Claude Gauvreau, cet auteur controversé dont les transes onomatopéiques incrustées de lettres signifiantes ont marqué notre patrimoine culturel, était au centre d'une «Soirée à l'asile», présentée mercredi à la Salle Pierre-Mercure. Soirée littéraire, certes, mais surtout sonore, soit l'occasion d'entendre entre autres exécutions une Valse de l'asile ainsi que le troisième mouvement d'une oeuvre captivante, gracieuseté de Walter Boudreau.

Signataire du Refus global, poète automatiste, dramaturge et polémiste, le Québécois Claude Gauvreau «a peu à peu sombré dans un état d'instabilité chronique qui l'a progressivement mené au désespoir et finalement au suicide». Quelques décennies après sa mort tragique (en 1971), la metteure en scène Lorraine Pintal avait approché le directeur artistique de la Société de musique contemporaine du Québec afin qu'il compose une musique devant «accompagner» L'asile de la pureté, une pièce de Gauvreau. Le projet prit naissance en 2003, nous voilà en 2015 avec les fruits d'un arbre qui a vraisemblablement grandi.

Programme succinct, il faut dire - début de Soirée à l'asile! On aura d'abord droit à la diffusion d'extraits théâtralisés de la musique composée par Walter Boudreau pour accompagner L'asile de la pureté, écrite à l'hôpital psychiatrique Louis-Hyppolite Lafontaine (jadis nommé Saint-Jean de Dieu où Gauvreau fut interné au début des années 50. Le comédien François Papineau procède également à la lecture fervente de passages de L'asile de la pureté et de La charge de l'orignal épormyable, lecture ornée de sons émanant d'un instrument inventé. Modernité... d'une autre époque? Poser la question...
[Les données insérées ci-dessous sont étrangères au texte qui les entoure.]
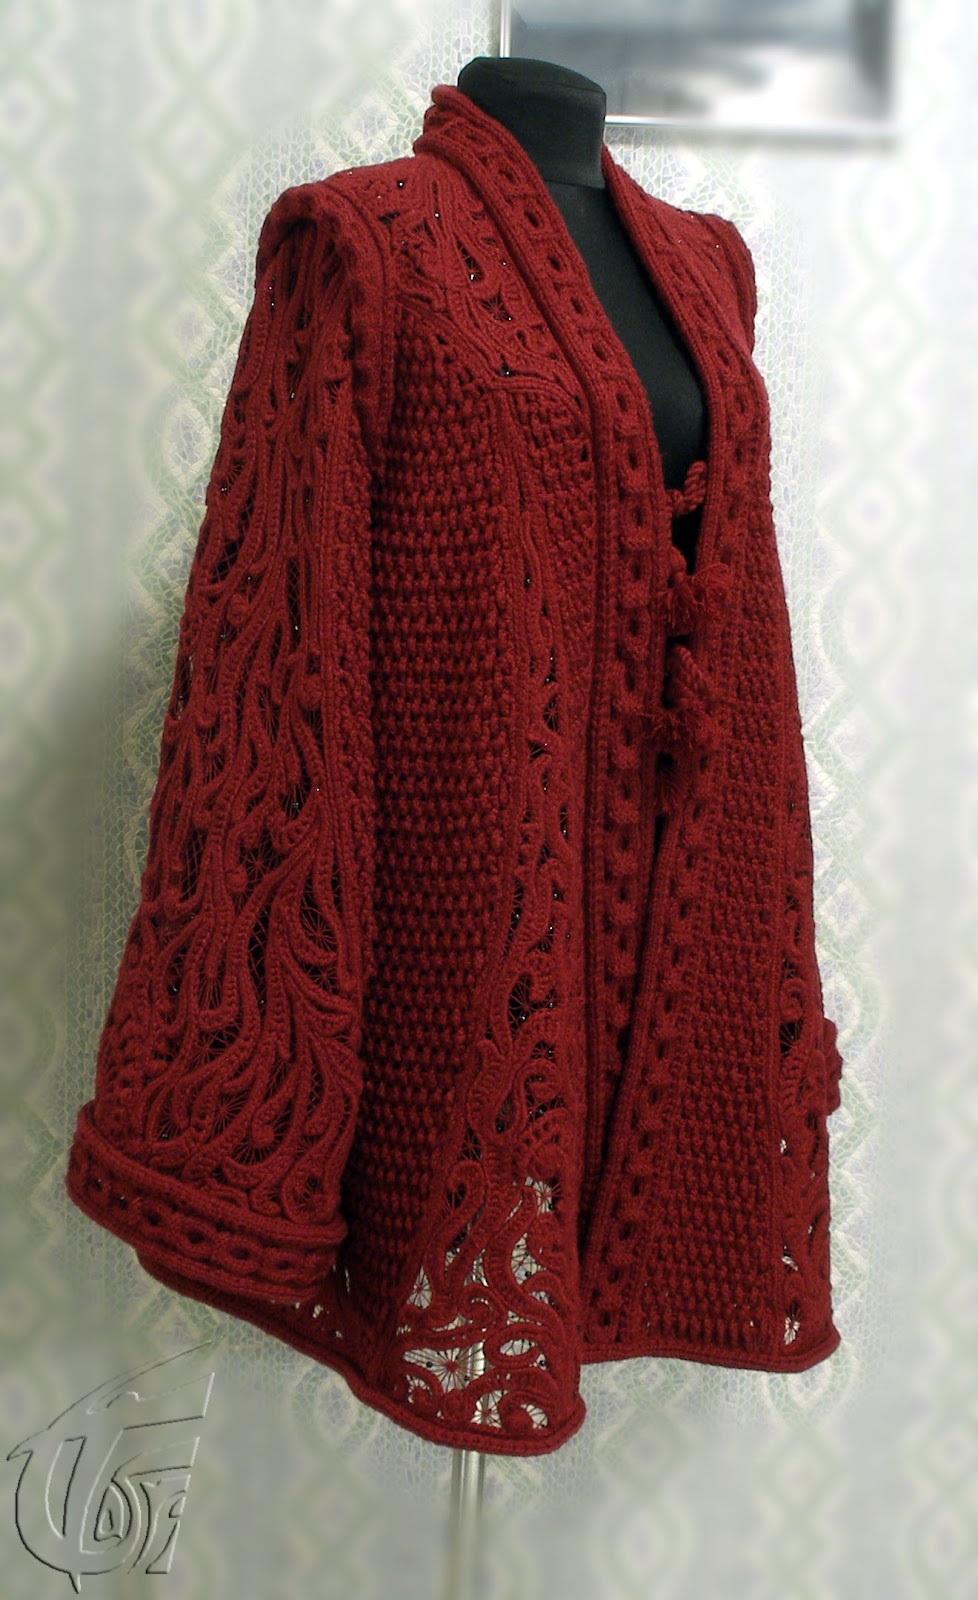 crochet knit unlimited: More pictures of the Coat

Reprenant le titre d'une pièce de Gauvreau écrite en 1956, le troisième mouvement du Concerto de l'asile est arrangé cette fois pour deux pianos. L'univers complexe de Walter Boudreau (un euphémisme) se déploie ici autour d'une valse à partir de laquelle s'élabore une architecture éminemment contemporaine et conçue pour le pianiste virtuose Alain Lefèvre, qui fait équipe avec Matthieu Fortin. Très solide exécution dans le contexte: accords virilement plaqués et trajectoires atonales pour quatre mains magnifient une oeuvre ambitieuse, dont la valse demeure la balise mélodique.

Sous la direction de Walter Boudreau (visiblement, il ne voulait rien manquer!) les interprètes nous font franchir un pont qui relie musique romantique et musique contemporaine. Au cours de traversée, nous en saisissons davantage la progression historique, ce qui rend l'oeuvre du compositeur plus conviviale et d'autant plus appréciable pour un public débordant le cadre des initiés.